Preface

Hi, this is KO. Thank you for always watching. If you're an investor and you've been talking about financial labeling all the time, you're probably thinking about your investment strategy and what you can do to analyze it. I think that many investors will analyze the market first and think about the investment strategy, but the opposite is true here, in financial machine learning, it is more common to think about the investment strategy and then fit it to the market. I think. (Maybe it applies only to me, even if it's general (laughs)

References are here.

Basics of the concept of features

First, decide on an investment strategy and label it. Then backtest. Actually, this isn't doing anything. Even if you get good results here, it may happen, and I think that what you have to think about in order to actually operate it is "** Will this strategy be valid in the future?" .. In other words, the backtesting itself does not guarantee performance, it merely shows the investment strategy in the past market. Let's talk about important logical relationships here. "Always profitable strategy" ⇒ "The strategy is profitable even in the past" This logical relationship is correct, but the opposite is clearly not true. It sounds harsh, but in order to apply it in practice, it is necessary to analyze based on this principle. In other words, we think that features are variables that make investment strategies more fitting to the market. It's a demon and a gold rod.

Definition in feature engineering

In sample: Training data Out of sample: Test data Substitution effect: The effect that occurs when the estimated importance of one feature is reduced by the presence of another related feature.

Feature importance due to substitution effect

Mean Decrease Impurity

MDI (: = Mean Decrease Impurity) is a method of measuring the importance of explanation with an in-sample specific to a tree-based classifier such as a random tree (: = RF). In other words, how to find features when there are a lot of RF features_importance. First, I will explain the MDI method through the code.

def featImpMDI(fit, featNames):
    df0 = {i: tree.feature_importances_ for i, tree in enumerate(fit.estimators_)}
    df0 = pd.DataFrame.from_dict(df0, orient='index')
    df0.columns = featNames
    df0 = df0.replace(0, np.nan)
    imp = pd.concat({'mean':df0.mean(), 'std':df0.std()*df0.shape[0]**-.5}, axis=1)
    imp /= imp['mean'].sum()
    return imp

First, prepare some features. Here, in this method, the first four lines dataframe model.feature_importances_ from the already fitted model. Since it is a random tree, the importance of features is calculated for each large number of trees. Here, for the feature amount displayed as 0, set it to np.nan. This is to set the maximum value of the importance of the feature to 1. After that, the average and standard deviation are calculated for the row direction (axis = 1), and it is output as the average feature. The basic usage is introduced below for those who have never used a random tree.

from sklearn.ensemble import RandomForestClassifier as RF

model = RF(max_features=1)
model.fit(X_train, y_train)
model.feature_importances_

How to choose random tree parameters

--Set max_features = int (1) to avoid the masking effect (systematically ignoring certain features and emphasizing other features).

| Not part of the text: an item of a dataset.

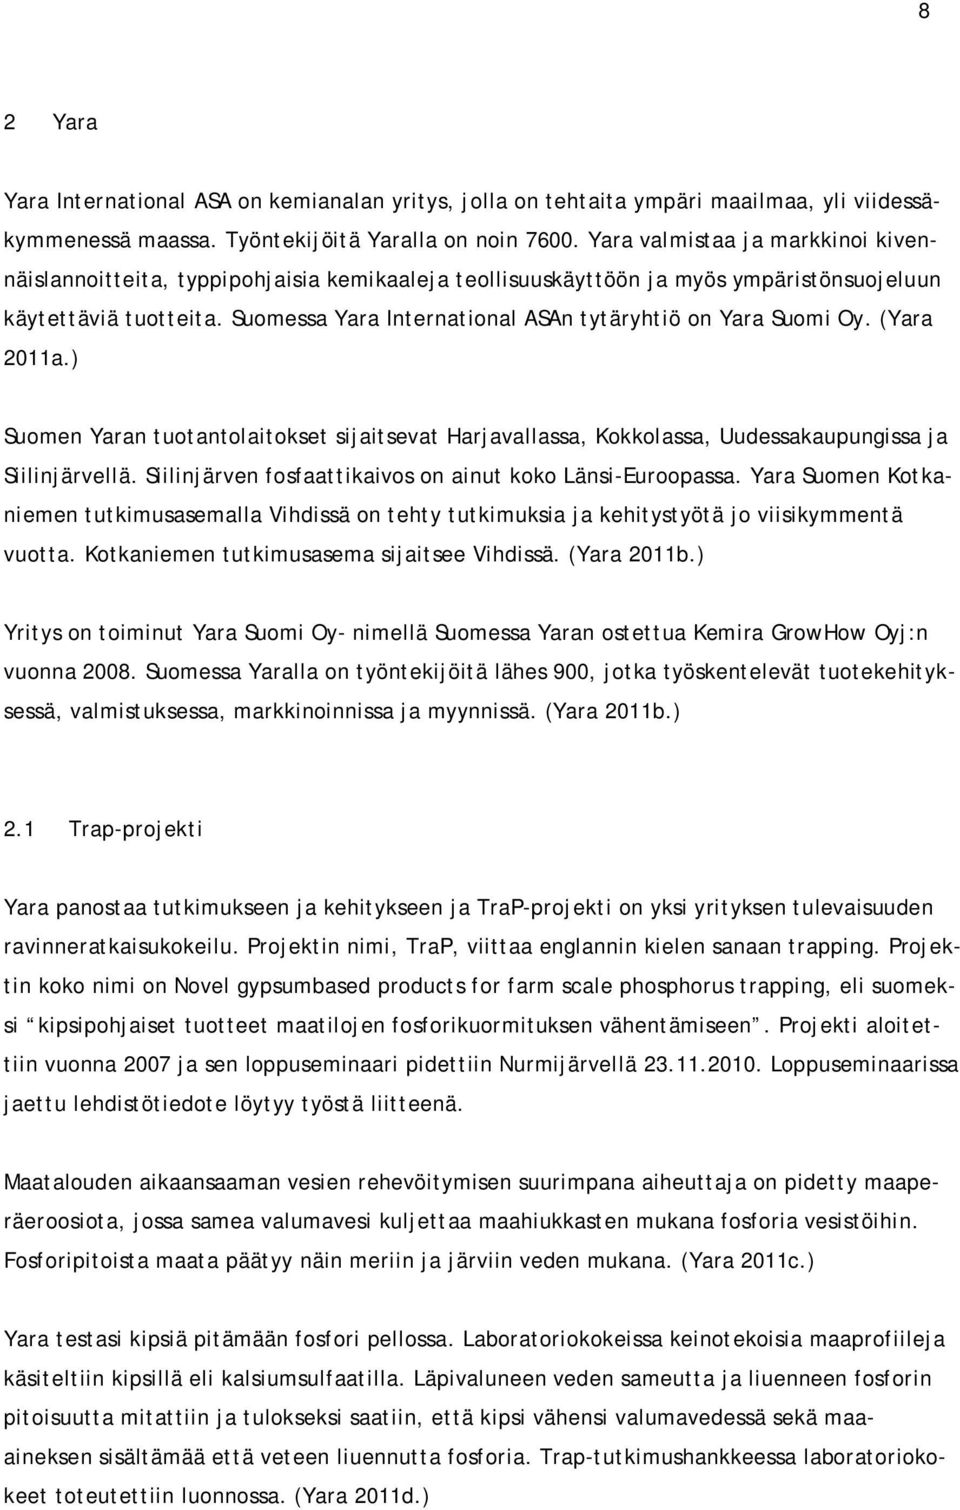 Suomessa Yara International ASAn tytäryhtiö on Yara Suomi Oy. (Yara 2011a.) Suomen Yaran tuotantolaitokset sijaitsevat Harjavallassa, Kokkolassa, Uudessakaupungissa ja Siilinjärvellä.

By doing so, only one random feature amount is selected for each layer. --This technique should only be used in-sample. Even if there is no predictive power here, all features will have some importance. --MDI cannot be generalized and applied to non-tree-based classifiers. --Structurally, MDI has a total feature importance of 1, and each importance is between 0 and 1. --This method does not consider the substitution effect when there are correlated features. In other words, if you have two features with the same feature, the importance will be halved, so be careful. This is a fairly important story, so I'll write it in another article in the future.

--There may be a bias towards some predictors. In a single decision tree, this bias is brought about by the general impure function unfairly focusing on predictors with many categories. (Strobl et al. [2007])

Conclusion

This time, I introduced the position of features in finance and what to be careful about in forecasting. It will be a technical talk about how to contribute to the investment strategy by the feature evaluation method, so I would like to introduce it slowly in the future.

[PYTHON] Financial Forecasting Feature Engineering: What are the features in financial forecasting?